**Goal of the exercise**
Return all of the data exactly, omitting any images.

**Data excerpt**
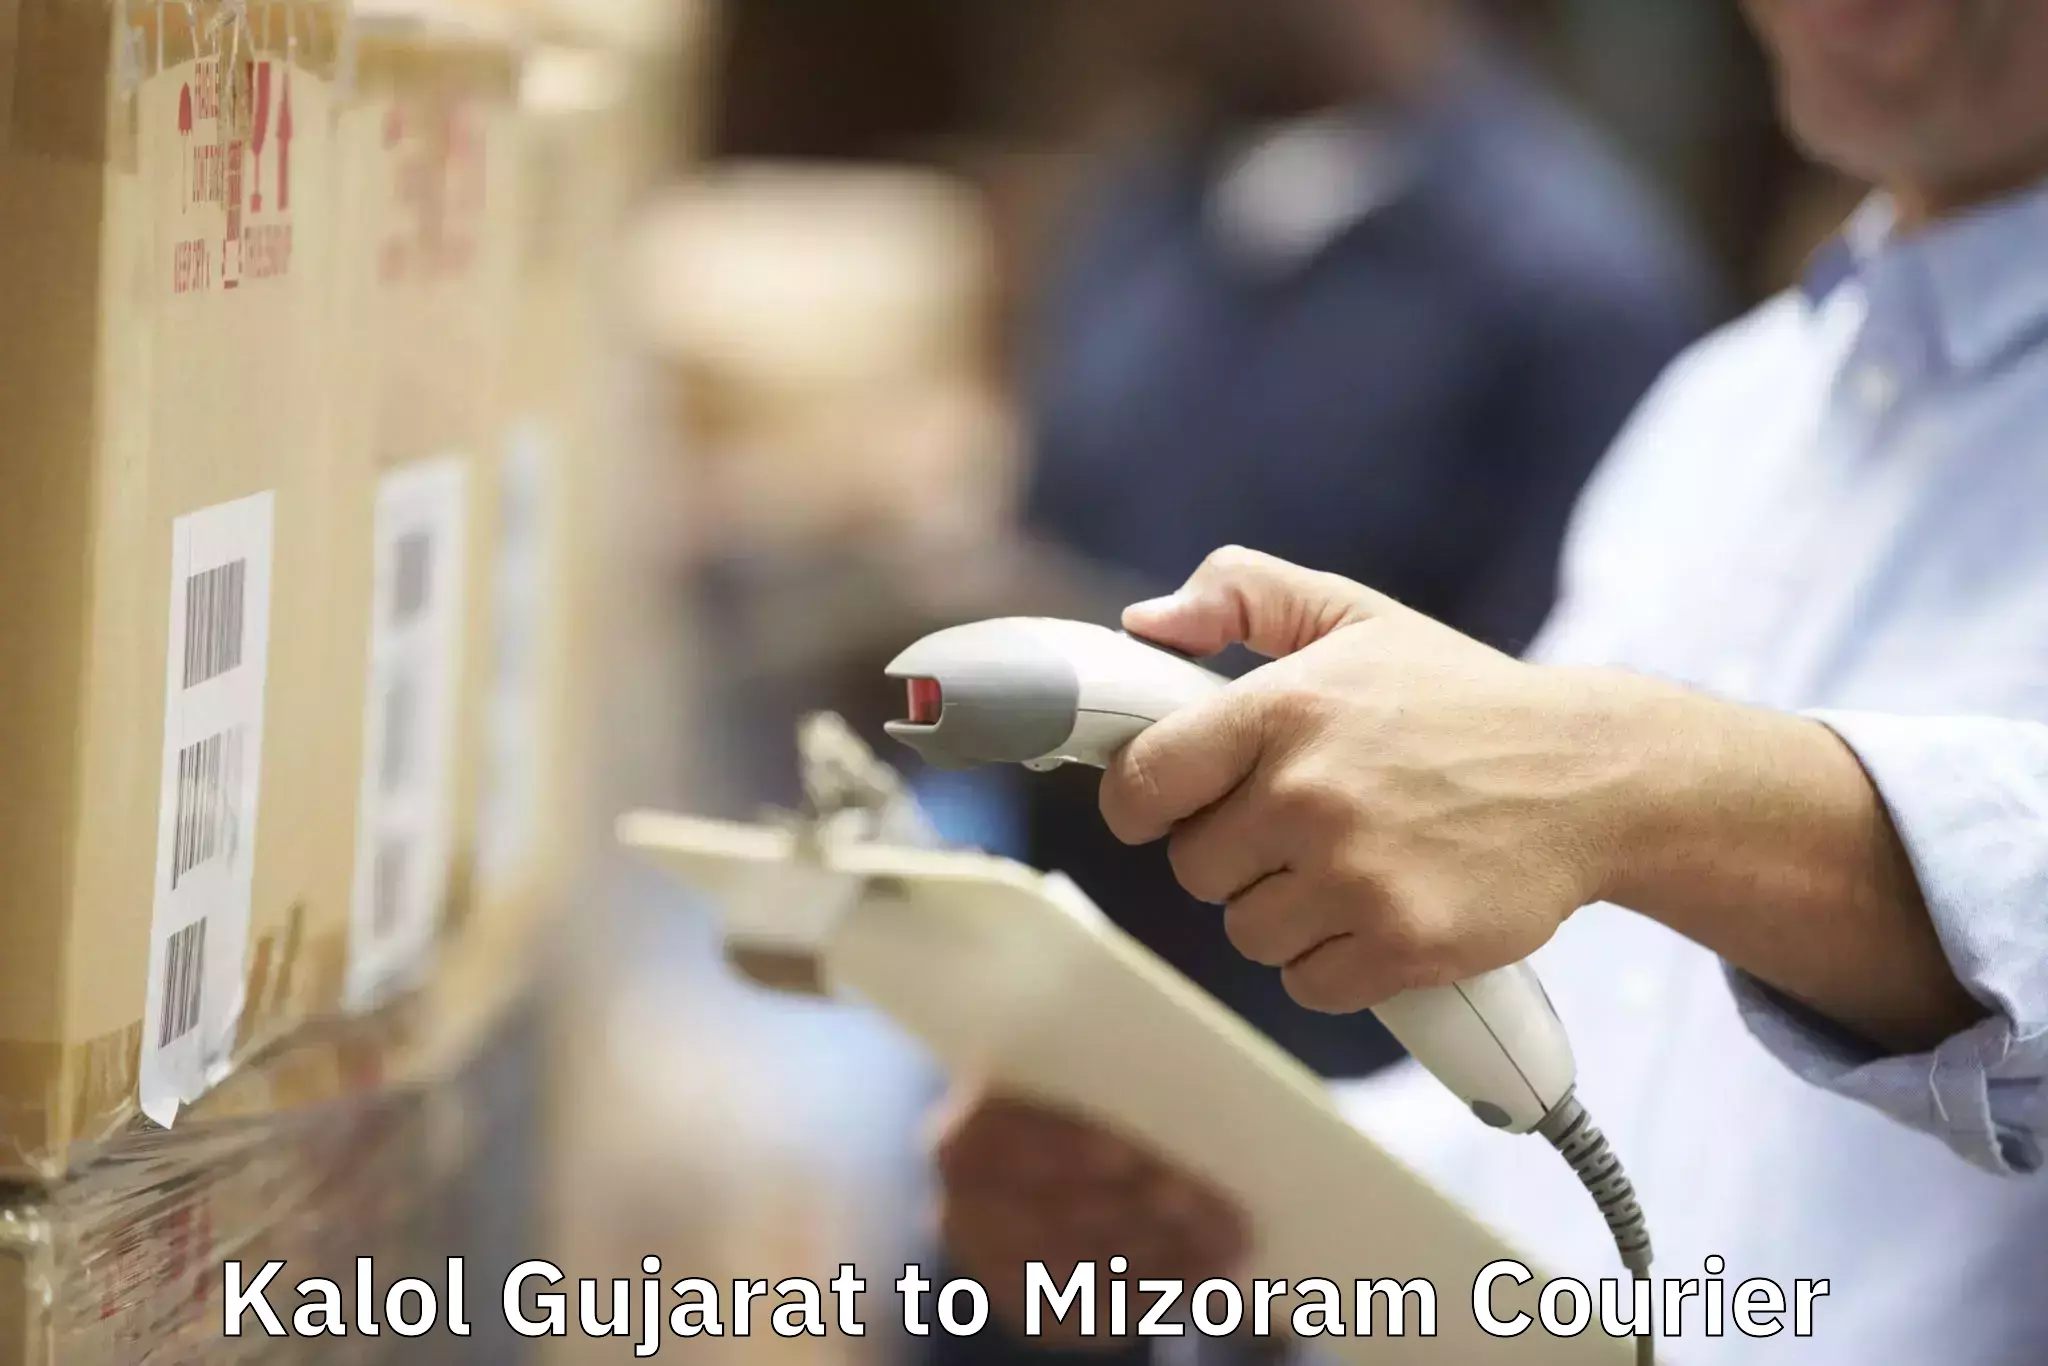 Furniture moving and handling Kalol Gujarat to Kolasib
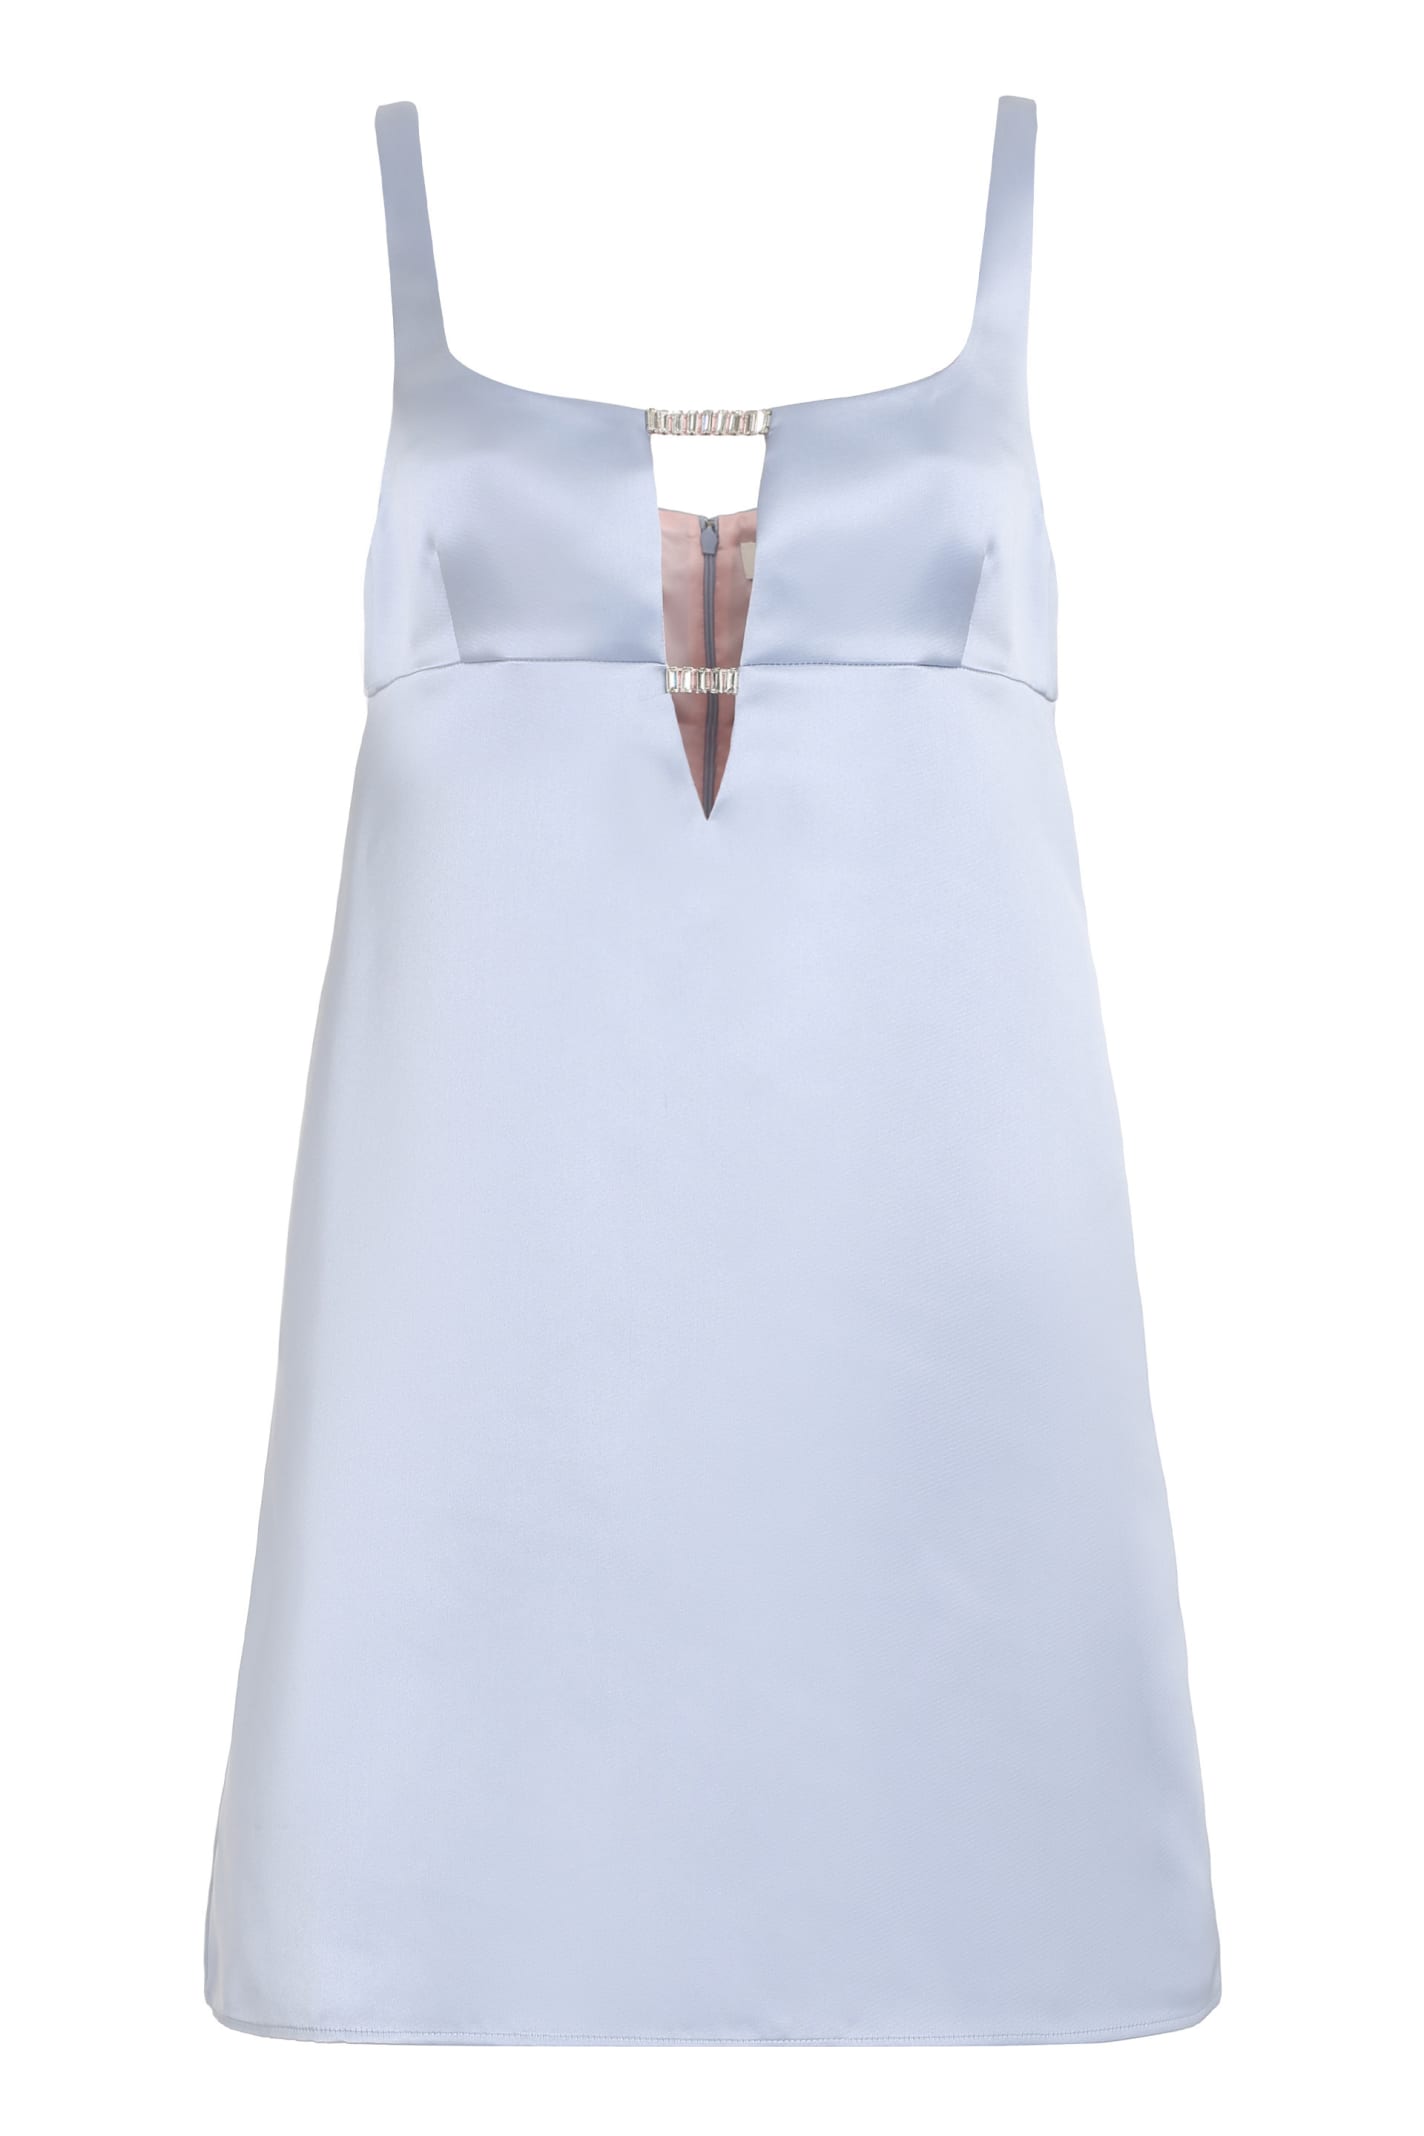 Shop Nina Ricci Satin Dress In Light Blue
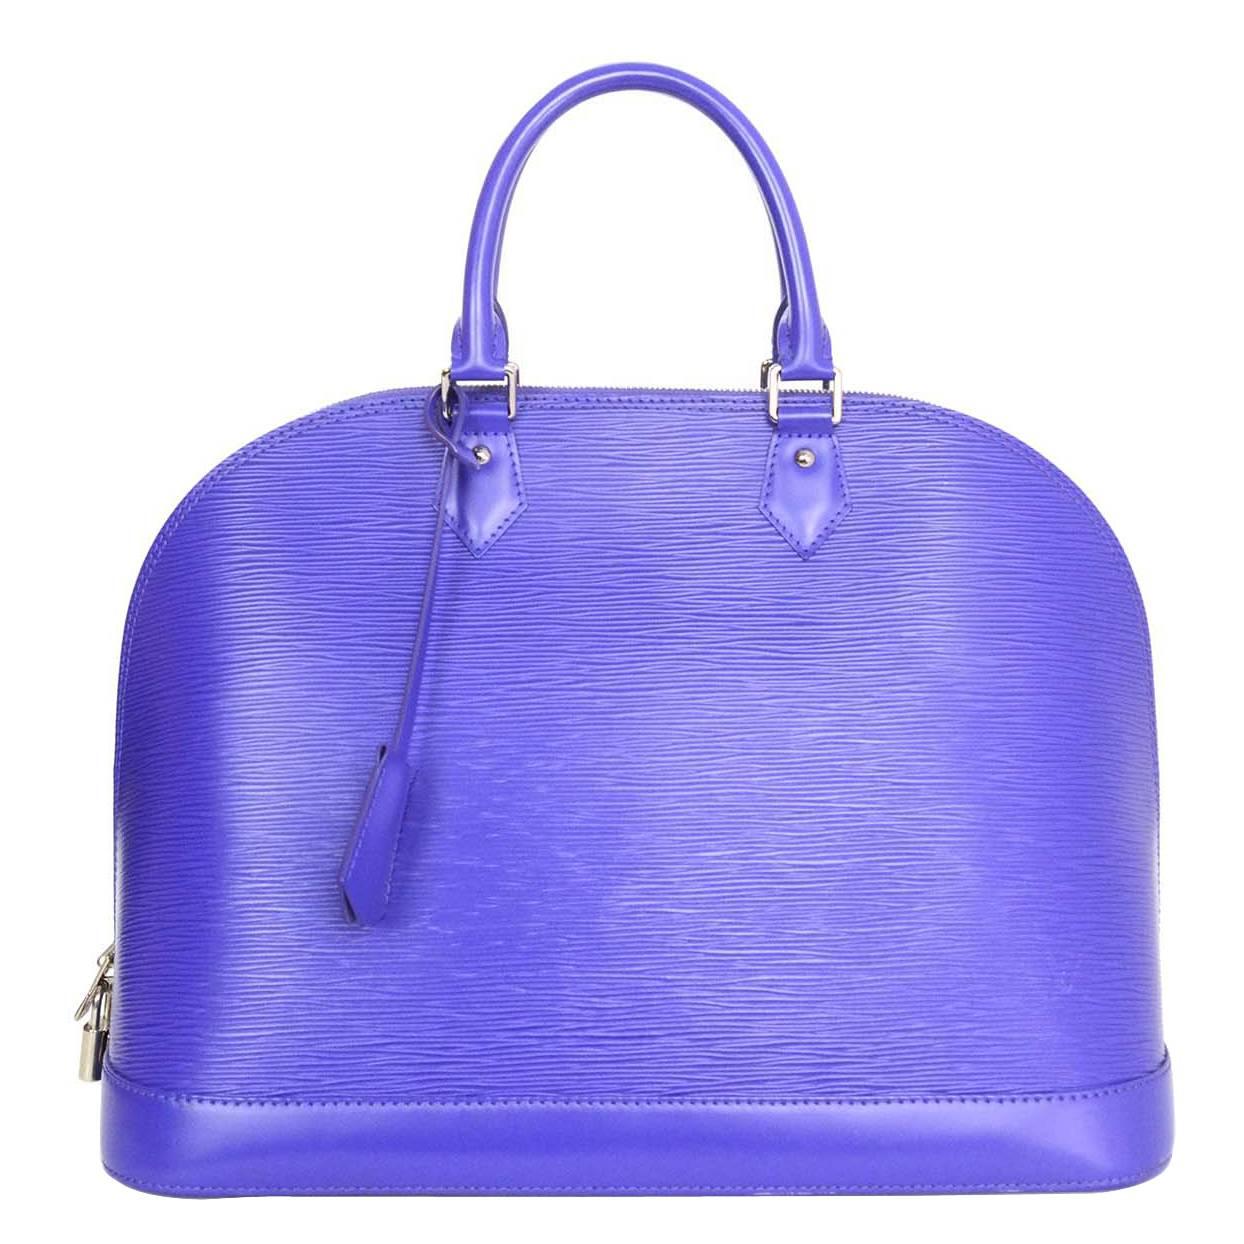 Louis Vuitton Figue Purple Epi Leather Alma GM Satchel Bag rt. $3, 100

**Response area**
 Furniture moving and handling Kalol Gujarat to Kolasib
 Shop Nina Ricci Satin Dress In Light Blue
 Louis Vuitton Figue Purple Epi Leather Alma GM Satchel Bag rt. $3, 100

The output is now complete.